• Assignment
Starting at the first line of the listing below and ending at the line with "Les 5 étapes du jeu-concours photo Violay", copy each line exactly.

• Records to use
'''

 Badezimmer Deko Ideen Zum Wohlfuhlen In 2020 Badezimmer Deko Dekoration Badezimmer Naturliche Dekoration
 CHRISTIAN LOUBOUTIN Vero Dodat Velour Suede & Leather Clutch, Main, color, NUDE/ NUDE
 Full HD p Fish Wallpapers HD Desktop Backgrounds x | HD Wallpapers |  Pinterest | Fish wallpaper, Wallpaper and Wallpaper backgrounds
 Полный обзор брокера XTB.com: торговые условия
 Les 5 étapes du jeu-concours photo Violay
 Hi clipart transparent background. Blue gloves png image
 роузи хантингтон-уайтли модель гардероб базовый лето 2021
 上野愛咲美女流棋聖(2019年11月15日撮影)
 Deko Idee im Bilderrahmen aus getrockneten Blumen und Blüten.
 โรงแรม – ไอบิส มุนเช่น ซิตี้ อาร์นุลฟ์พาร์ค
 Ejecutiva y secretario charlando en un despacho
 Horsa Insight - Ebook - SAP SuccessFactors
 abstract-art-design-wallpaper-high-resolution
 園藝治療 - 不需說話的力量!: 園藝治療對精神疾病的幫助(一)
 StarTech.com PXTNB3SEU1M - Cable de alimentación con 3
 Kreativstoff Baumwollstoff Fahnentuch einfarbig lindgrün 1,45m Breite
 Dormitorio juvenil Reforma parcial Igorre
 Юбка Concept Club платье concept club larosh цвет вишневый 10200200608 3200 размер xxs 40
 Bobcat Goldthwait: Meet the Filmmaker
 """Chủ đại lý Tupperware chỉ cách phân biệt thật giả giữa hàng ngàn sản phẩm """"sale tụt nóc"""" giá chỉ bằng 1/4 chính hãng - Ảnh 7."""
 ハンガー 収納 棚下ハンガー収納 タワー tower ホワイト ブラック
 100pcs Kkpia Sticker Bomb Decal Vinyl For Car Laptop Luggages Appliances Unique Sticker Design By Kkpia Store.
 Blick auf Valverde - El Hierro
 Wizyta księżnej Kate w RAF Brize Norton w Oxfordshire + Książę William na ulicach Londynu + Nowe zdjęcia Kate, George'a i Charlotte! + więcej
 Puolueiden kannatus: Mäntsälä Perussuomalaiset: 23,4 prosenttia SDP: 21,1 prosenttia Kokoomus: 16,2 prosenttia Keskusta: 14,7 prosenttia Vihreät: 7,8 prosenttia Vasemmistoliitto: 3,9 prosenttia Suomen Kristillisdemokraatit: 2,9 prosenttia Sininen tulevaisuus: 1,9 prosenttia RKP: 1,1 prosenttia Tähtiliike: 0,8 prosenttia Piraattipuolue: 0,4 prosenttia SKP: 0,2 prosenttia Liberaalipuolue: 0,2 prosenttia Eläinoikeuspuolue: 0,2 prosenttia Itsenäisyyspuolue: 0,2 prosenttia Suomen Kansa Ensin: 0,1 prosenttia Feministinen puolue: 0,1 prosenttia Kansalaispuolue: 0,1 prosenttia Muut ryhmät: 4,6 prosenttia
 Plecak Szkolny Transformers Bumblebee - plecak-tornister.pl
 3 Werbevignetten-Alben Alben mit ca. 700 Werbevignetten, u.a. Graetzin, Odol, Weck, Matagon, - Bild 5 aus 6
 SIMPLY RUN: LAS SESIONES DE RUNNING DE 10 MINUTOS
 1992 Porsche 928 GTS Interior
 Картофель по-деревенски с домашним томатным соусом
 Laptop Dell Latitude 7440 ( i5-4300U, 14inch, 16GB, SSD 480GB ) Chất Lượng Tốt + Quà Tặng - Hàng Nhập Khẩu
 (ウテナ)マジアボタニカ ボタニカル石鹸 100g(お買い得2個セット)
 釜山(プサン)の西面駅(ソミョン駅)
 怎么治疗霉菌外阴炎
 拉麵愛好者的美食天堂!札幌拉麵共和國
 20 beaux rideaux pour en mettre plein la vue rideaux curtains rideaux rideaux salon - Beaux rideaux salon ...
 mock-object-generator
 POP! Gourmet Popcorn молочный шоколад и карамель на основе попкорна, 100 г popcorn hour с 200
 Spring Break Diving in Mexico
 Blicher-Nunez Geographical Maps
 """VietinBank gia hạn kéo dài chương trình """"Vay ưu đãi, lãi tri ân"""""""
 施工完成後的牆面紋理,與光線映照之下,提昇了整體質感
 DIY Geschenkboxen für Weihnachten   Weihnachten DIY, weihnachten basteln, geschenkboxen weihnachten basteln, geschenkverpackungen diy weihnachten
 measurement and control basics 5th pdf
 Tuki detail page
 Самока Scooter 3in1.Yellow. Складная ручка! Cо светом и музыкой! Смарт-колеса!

'''

• Solution for this task
 Badezimmer Deko Ideen Zum Wohlfuhlen In 2020 Badezimmer Deko Dekoration Badezimmer Naturliche Dekoration
 CHRISTIAN LOUBOUTIN Vero Dodat Velour Suede & Leather Clutch, Main, color, NUDE/ NUDE
 Full HD p Fish Wallpapers HD Desktop Backgrounds x | HD Wallpapers |  Pinterest | Fish wallpaper, Wallpaper and Wallpaper backgrounds
 Полный обзор брокера XTB.com: торговые условия
 Les 5 étapes du jeu-concours photo Violay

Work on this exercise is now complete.